Spatial data analysis
Spatial analysis was performed to observe the relationship pattern between the two variables. Based on a selected community, an interpolation process was employed to create an overlay map of COVID-19 cases and climate parameters. The Jakarta grid map interpolation was used to estimate the magnitude of climate variables outside the measurement points (weather stations) by applying the following steps. Firstly, a grid map of five weather monitoring stations was created.

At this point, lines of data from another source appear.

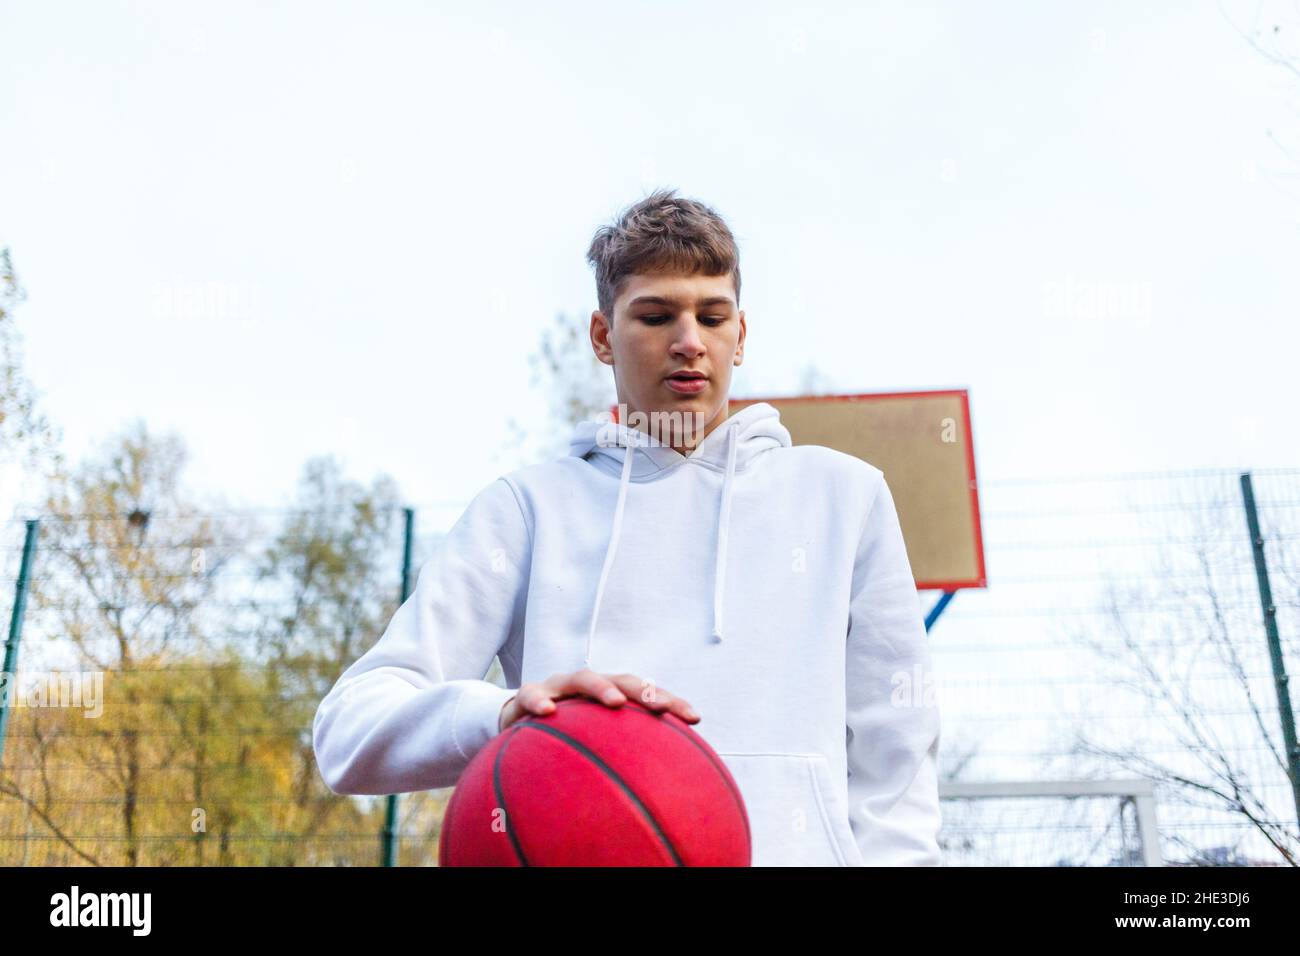 Netter Teenager im weißen Hoodie, der Basketball spielt. Kleiner Junge mit  roter Kugel, der Dribbeln lernt und auf dem Stadtplatz schießt. Hobby für  Kinder, aktives Leben Stockfotografie - Alamy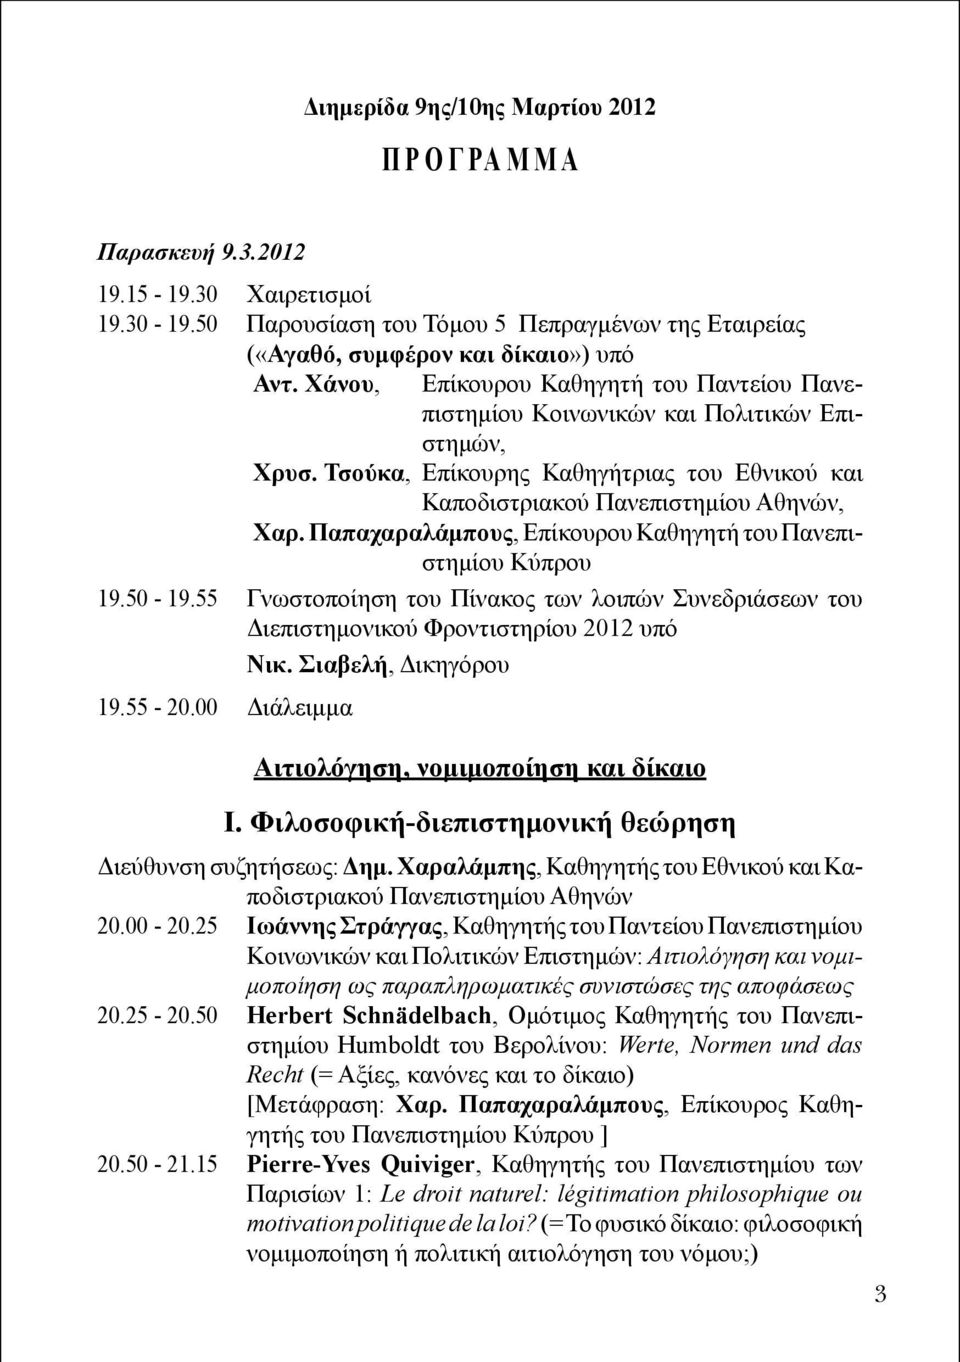 Παπαχαραλάμπους, Επίκουρου Καθηγητή του Πανεπιστημίου Κύπρου 19.50-19.55 Γνωστοποίηση του Πίνακος των λοιπών Συνεδριάσεων του Διεπιστημονικού Φροντιστηρίου 2012 υπό Νικ. Σιαβελή, Δι κηγόρου 19.55-20.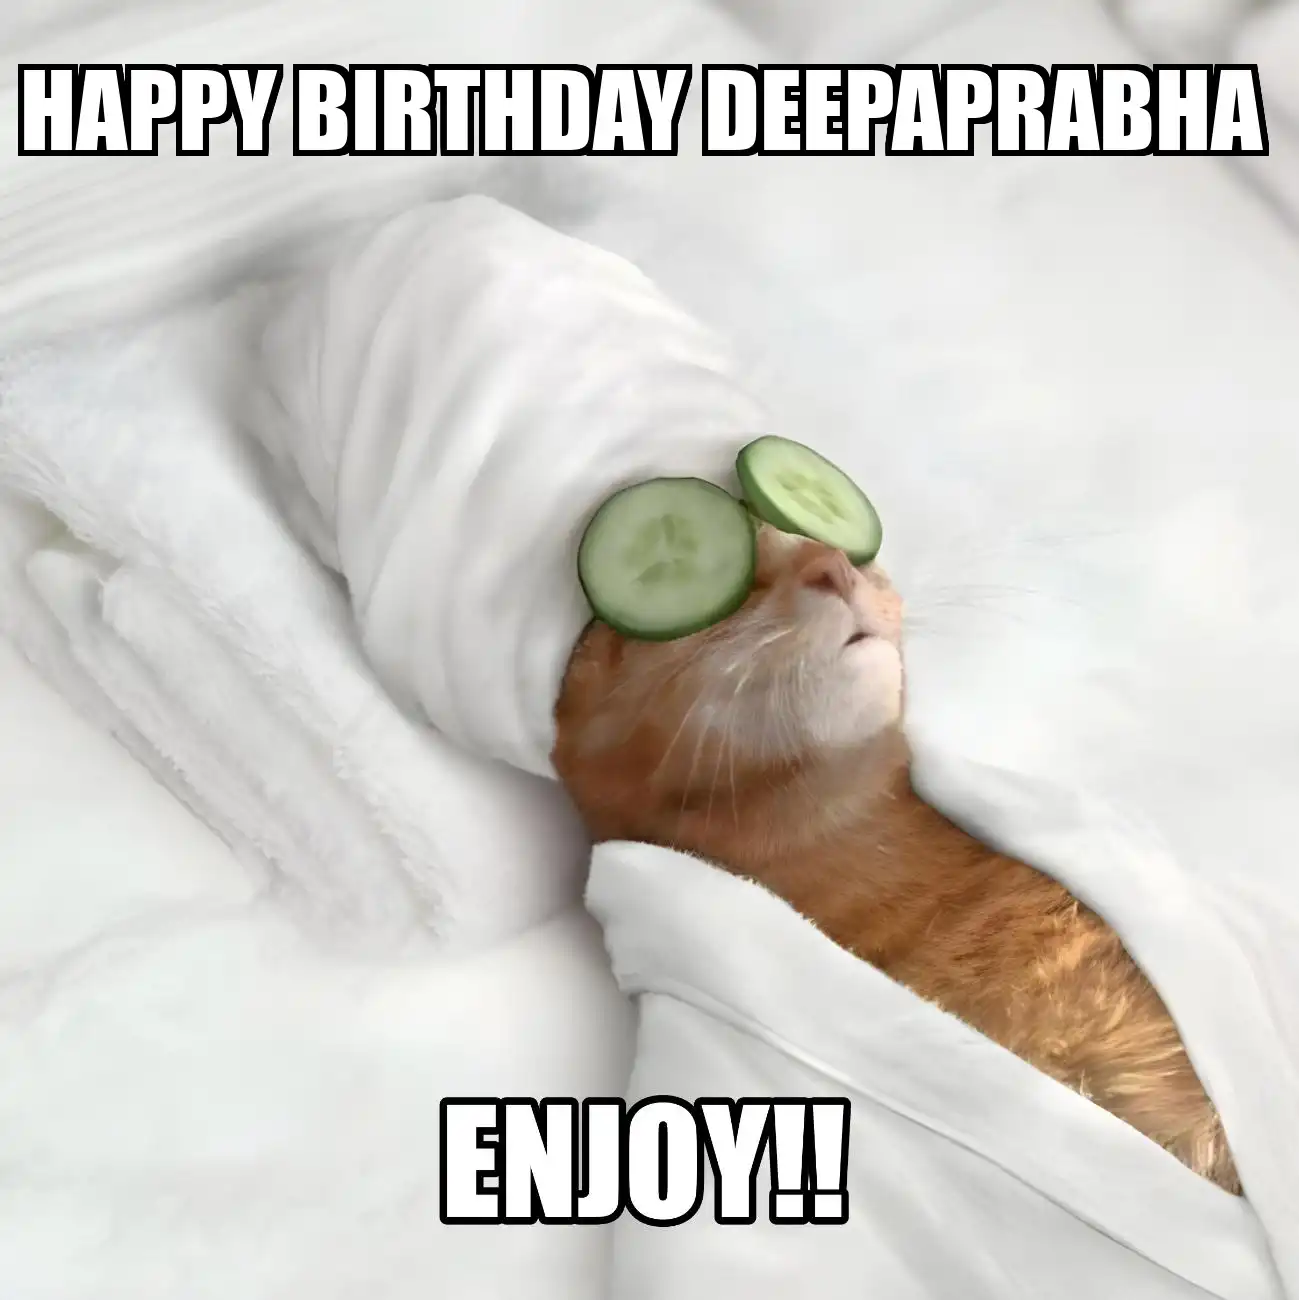 Happy Birthday Deepaprabha Enjoy Cat Meme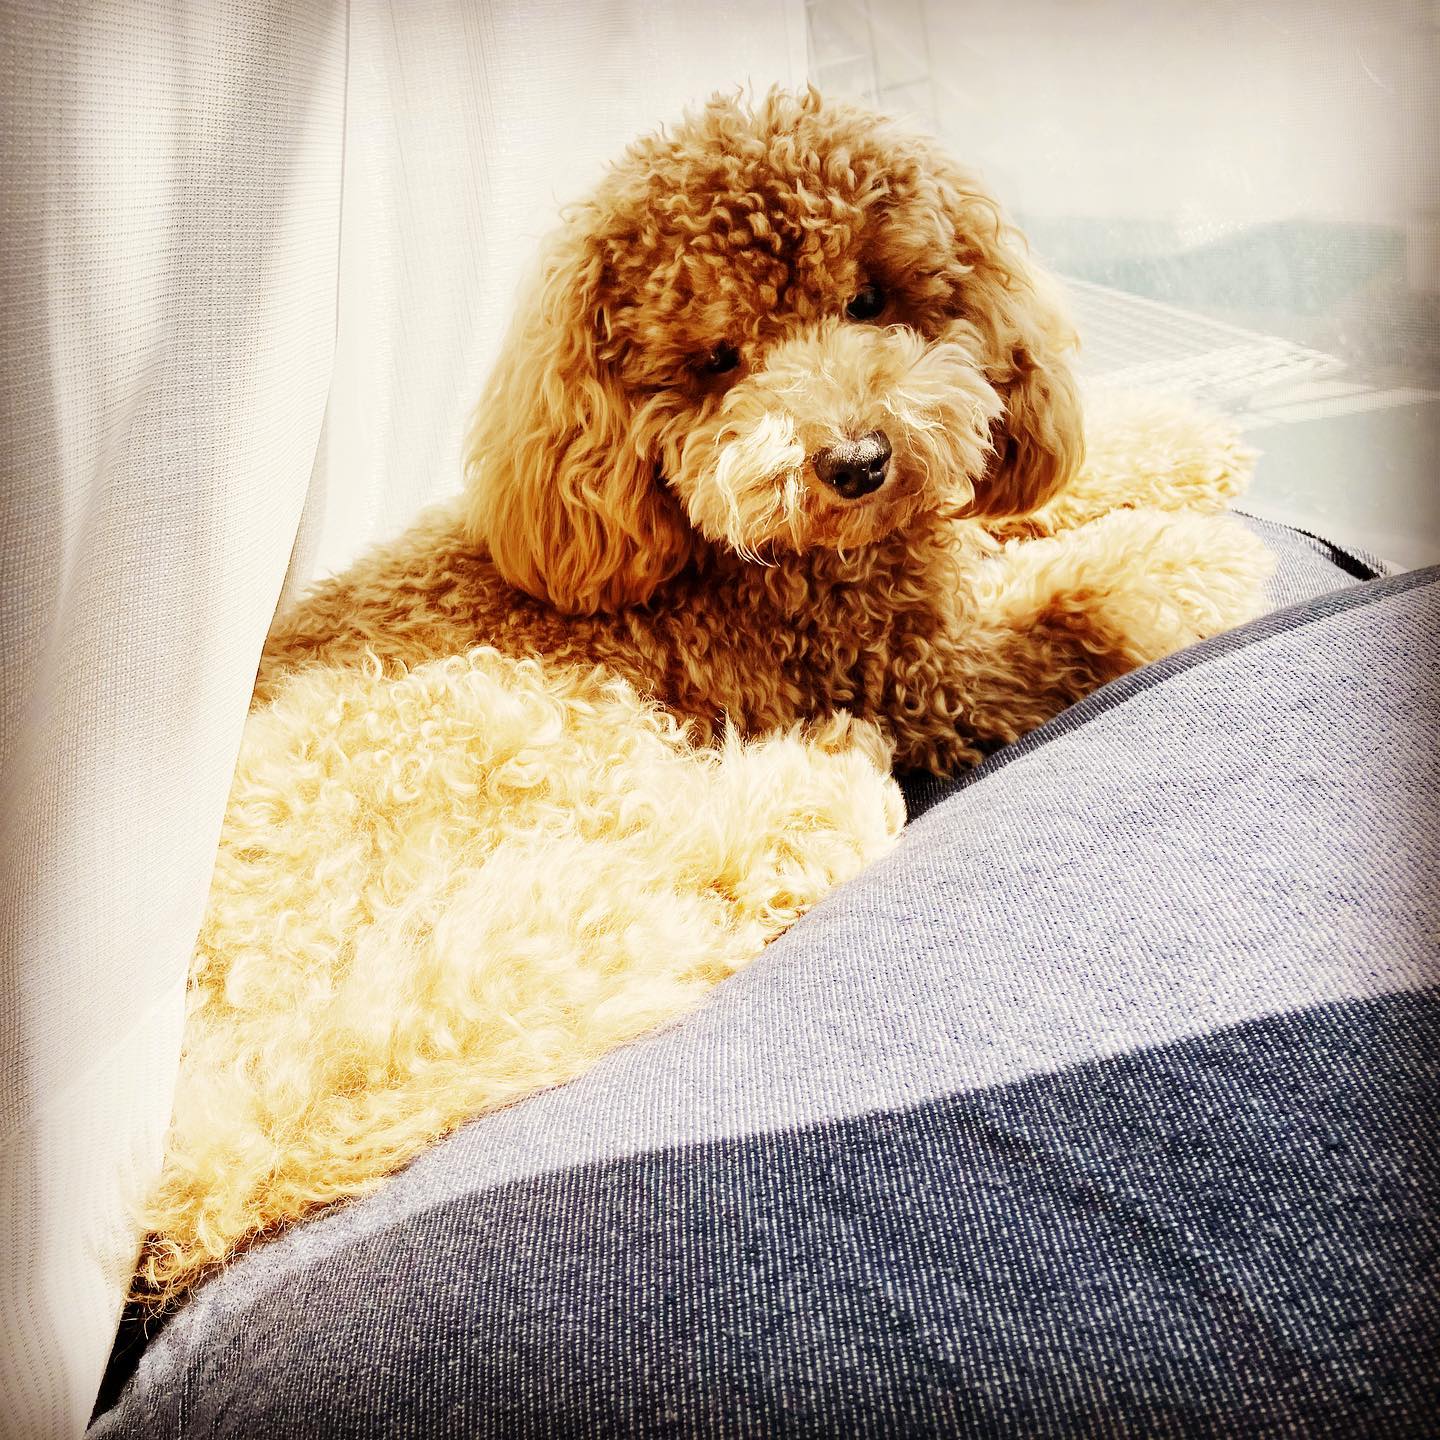 日向ぼっこ中。シナモンもジンジャーと同じ場所が気に入ったみたい。過ごしやすいのかな。家のなかで1番陽があたる特等席だし。#トイプードル #トイプードル男の子 #トイプードルのいる暮らし #犬のいる暮らし #日向ぼっこ犬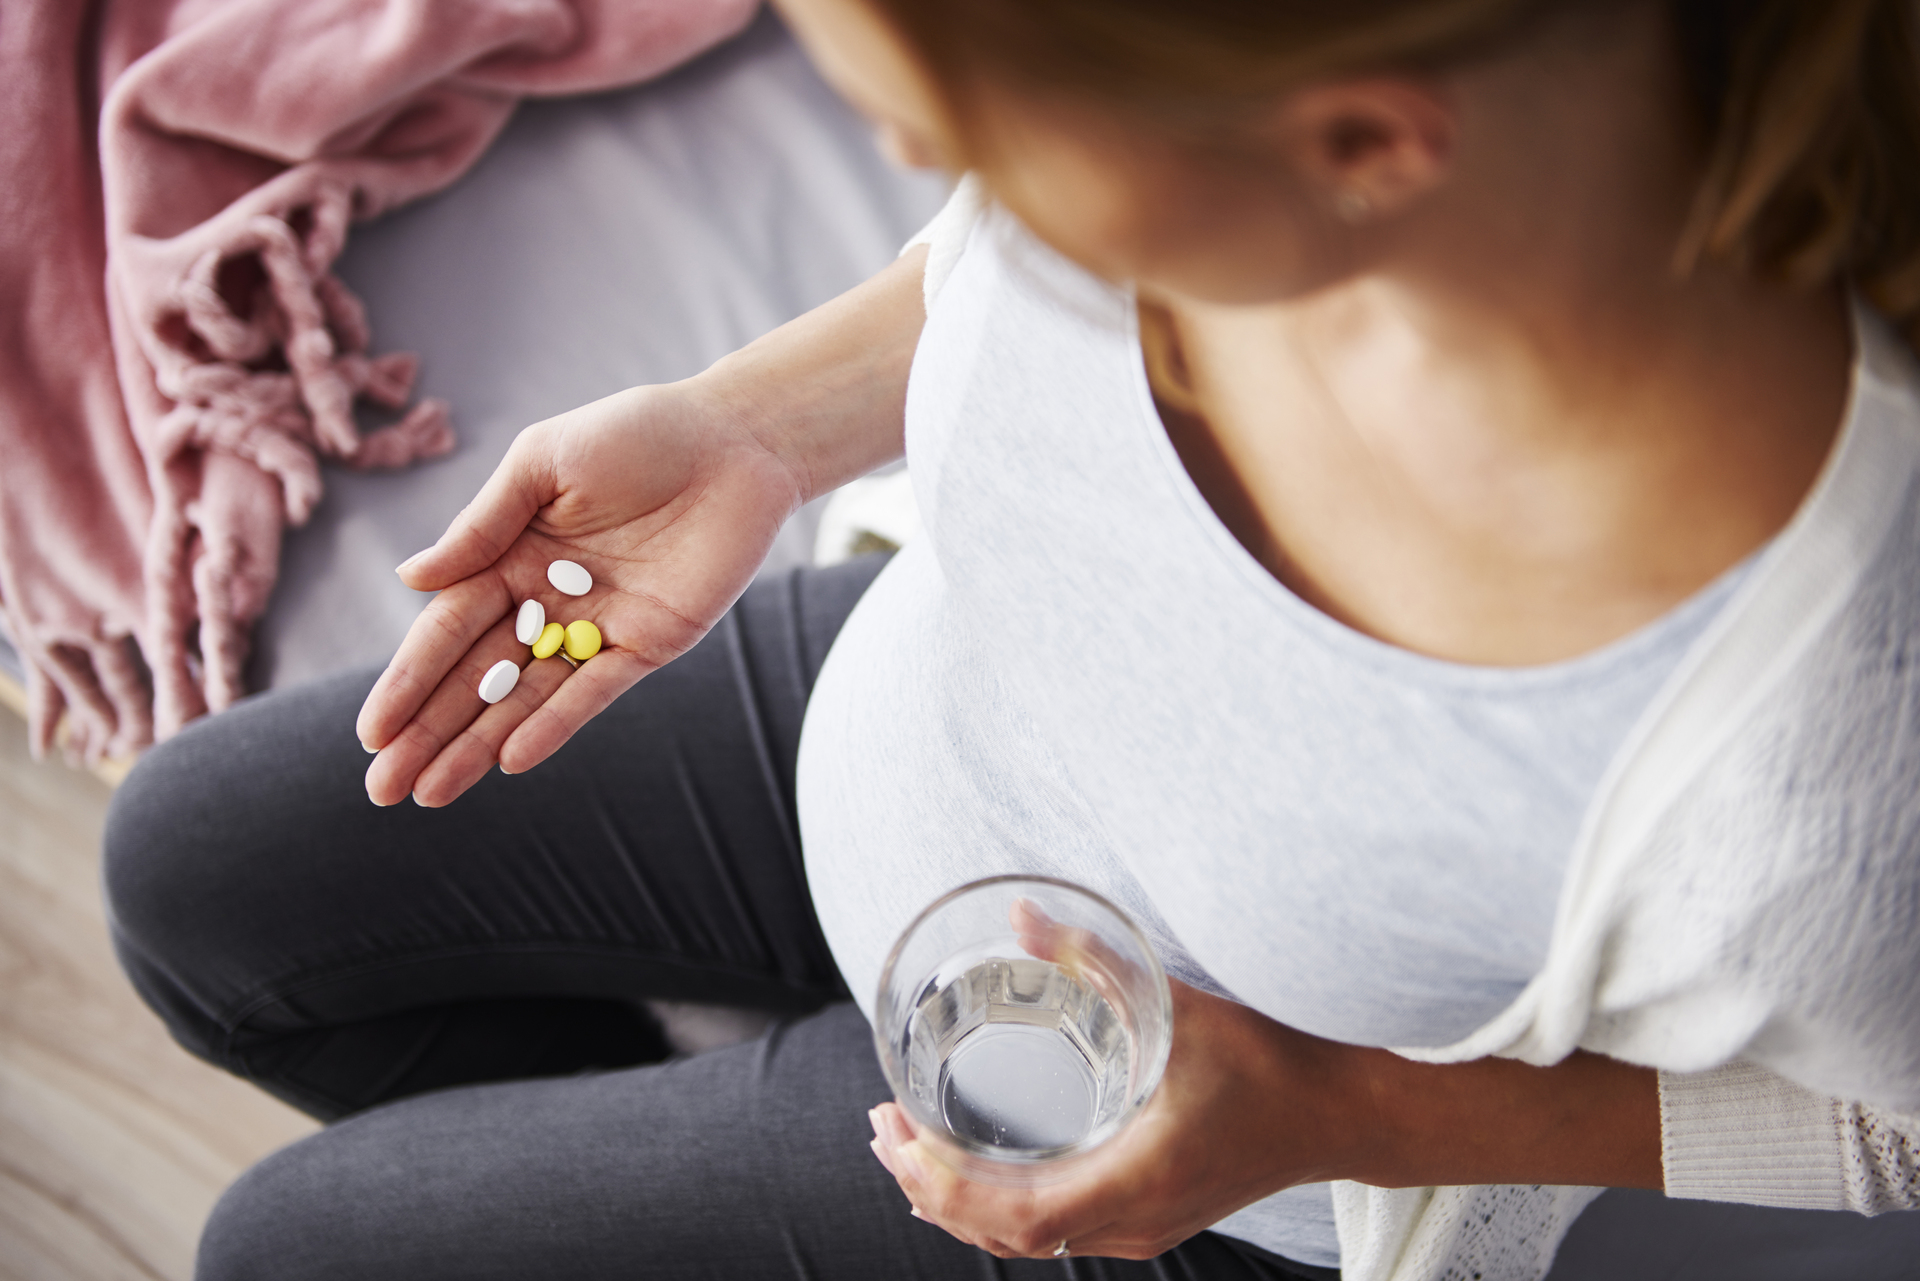 Tomar antidepresivos en el embarazo afecta al desarrollo cerebral del feto

The interpolation was performed by entering the point values or coordinate attribute data (longitude and latitude) into the climate variable attribute table so. The coordinate points were joined in the climate variable map. Secondly, the independent variable vector data were digitized by inputting the spatial data on climate variables into a base map, then processing and selecting a color symbol (single-band pseudocolor) with color ramp blues. Consequently, a digital category of high and low climate variables was formed depending on the data magnitude. Thirdly, the dependent variable vector data were digitized by entering spatial data on COVID-19 rates into the base map, depending on the community, followed by processing and selecting a point symbol (centroid). A digital category of large and small cases was generated based on the disease data. Fourthly, the two vector maps were interpolated with the plugin interpolation menu. Therefore, an interpolated raster plot was obtained and used to analyze or predict the climate variable values in each community. The resulting color gradations and point symbols did not show any ratio but only reported ordinal values, including high-low climate variations and number of virus cases. This color gradation ranged from dark blue to white, indicating high to low wind speeds (maximum and mean). Subsequently, the colors were created digitally using a single band pseudocolorwith ramp blues colors from Quantum Geographic Information System (QGIS) software(RRID:SCR_018507) with a natural grouping of five classes, where very dark blue = very high, dark blue = high, blue = medium, light blue = and white = very low. The dot symbol (centroid) varied from large to small, representing the virus spread. Similarly, the point symbol size was digitally generated using a simple marker or a standard symbol from the QGIS software with a linear classification between 0 and 17.
The spatially analyzed data were further processed with overlayed thematic graphics and maps to show the relationship pattern based on time and location. The spatial analysis was associated with the statistical correlation results generated using the QGIS software version 3.0 at the Computer Laboratory of the Faculty of Public Health, University of Indonesia.